Maudry Porter

With five kids phone conversations are not easy. In fact, they’re almost impossible. Someone is always screaming in the background. Everyone is suddenly starving and needs a snack RIGHT. NOW.

Over the years I’ve learned to postpone important conversations and reserve them for car rides (when all of the kids are strapped in and, thanks to my mini van, really far away from me). On Monday morning I got all of the kids loaded up in the car and we made our way to story time at the library.

I remembered that Maudry had called me the day before and left a voicemail. I gave the message a quick listen before I called her back. This is what I heard:

“Diana, how you doing baby? I’m calling to let you know that Ronald just died….. so I just want to let you know. So, call when you get this message. Thank you.”

Ronald was Maudry’s son. I immediately started crying and called her back. Someone else answered her phone and said she was unavailable. They took a message and said she’d call me back.

I drove all the way to the library in a daze wondering why I hadn’t listened to that voicemail earlier. Why hadn’t I answered when she first called? I wondered how she was doing. I wondered what happened to Ronald. She never mentioned anything was wrong last month when we talked. I know she would’ve mentioned it had there been something serious going on with him. She and Ronald were very close. And then, as I drove, I thought about who Maudry was to me and what she meant in my life.

Maudry Porter walked into my life when I was 8 years old. I saw her every day Monday through Friday for over 10 years.

My family had just moved to a very small town in Louisiana from New Jersey because of my dad’s job and we knew exactly NO ONE. Being an outsider in a small town is not easy. Everyone knew everyone else. They had known each other their whole lives, in fact.

Maudry came to work for our family because my mom (for the first time since I was born) was going to work. Maudry was hired as a babysitter, house cleaner and, when we were really lucky, a cook. She was with my brother, Joseph, and I while our parents were at work. She picked us up from school and stayed with us until our parents were home.

When we were young, Joseph loved playing pranks on her. He’d set up the ladder next to the house and lie on the concrete all sprawled out like a dead person with his eyes closed next to a pile of ketchup. She’d simultaneously laugh her infamous laugh and yell every time he pulled pranks like that.

Maudry cultivated my love of food. She introduced me to chicken thighs, taught me the art behind a well made french fry and made “old fashioned” pancakes any time we were home from school sick. She also gave me my all time favorite graduation present after high school: a fry daddy (because she knew I would be lost at LSU without my nightly french fry fix).

She taught me about integrity by her example and talked to me a lot about how important it was to be true to your word. “You always wanna do BETTER than people expect you to do. Never do the bare minimum. Go above and beyond what you promise.”

Maudry quickly became a member of our family. She became a second mother to Joseph and I. And, in my adult years, she would become a friend. She was one of us. Family. And we all loved her. We loved her so much that even after Joseph and I were old enough to no longer need a babysitter and even after both Joseph and I had moved out of the house, she still stuck around with my parents cleaning messes that didn’t exist.

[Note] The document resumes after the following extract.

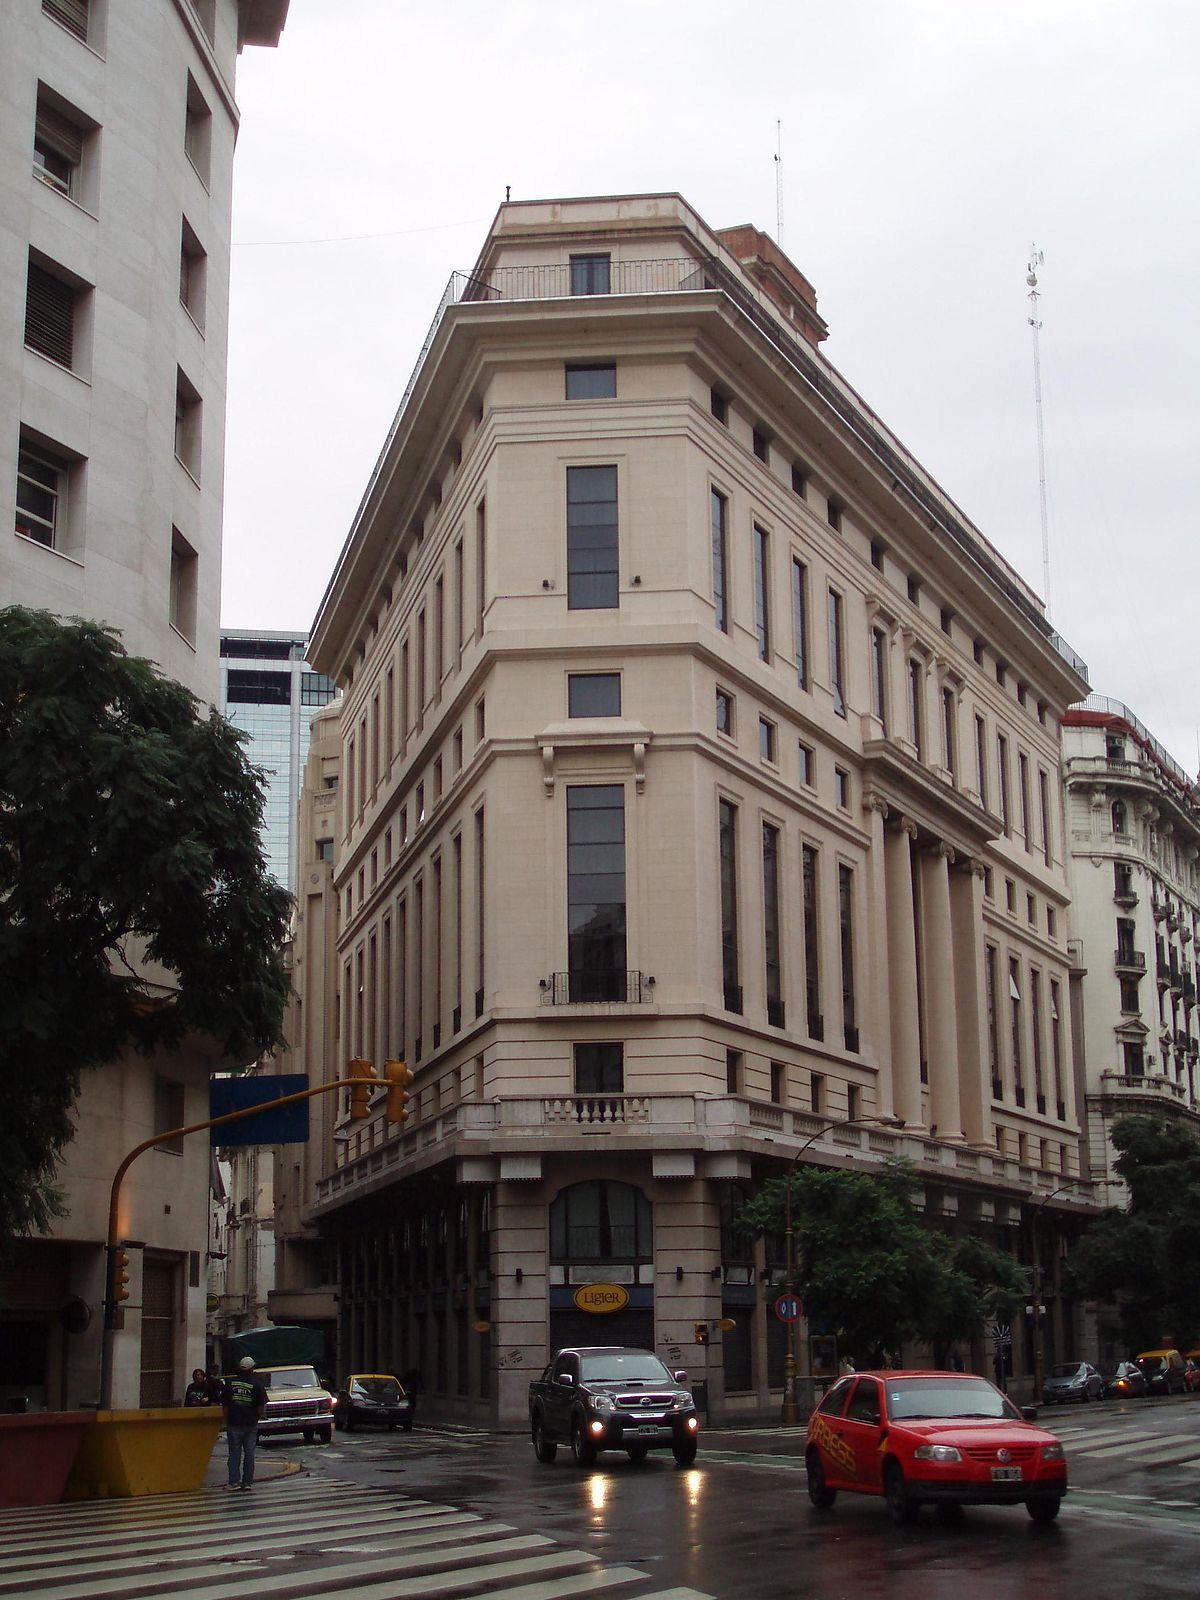 Hotel Continental Buenos Aires Wikipedia La

She was a member of our family, and you don’t let family go.

I’m snapped out of my nostalgic walk down memory lane by my ringing phone. Maudry is on the line. We talk about Ronald and what happened. He had been suffering with unexplained pain for months and had been to the doctor several times without any answers. I sat silently as I listened to her share the intimate details of her son’s death and his final moments. “That was the last time I talked to him,” she says. Even surrounded by the tsunami of heartbreak that comes with losing a child, she sounded strong. Like she always does.

Maudry has never cried the same way I do. She doesn’t crumble or sob. She is like an unbendable force and the tears fall silently from her eyes. She is tough.

As she shares the timeline of Ronald’s final moments I realize something. A couple hours after Ronald died, Maudry called ME. Her son had just died and she was reaching out to ME. She wasn’t just MY family, but I was HERS.

We talked a bit longer and just before I hung up I said “I love you Maudry” the words came out easily but just as they escaped my lips I realized it was the first time I’d ever told her how I felt about her. “I love you, too,” she replied. I knew she did.


Ronald was well known and well liked in the community, and he will be missed by many. He is survived by his wife, Lisa, his daughters, Lacey and Leah, and by his brother, Earl. And he leaves behind his mother, Maudry Porter, who is like a mother to me, too.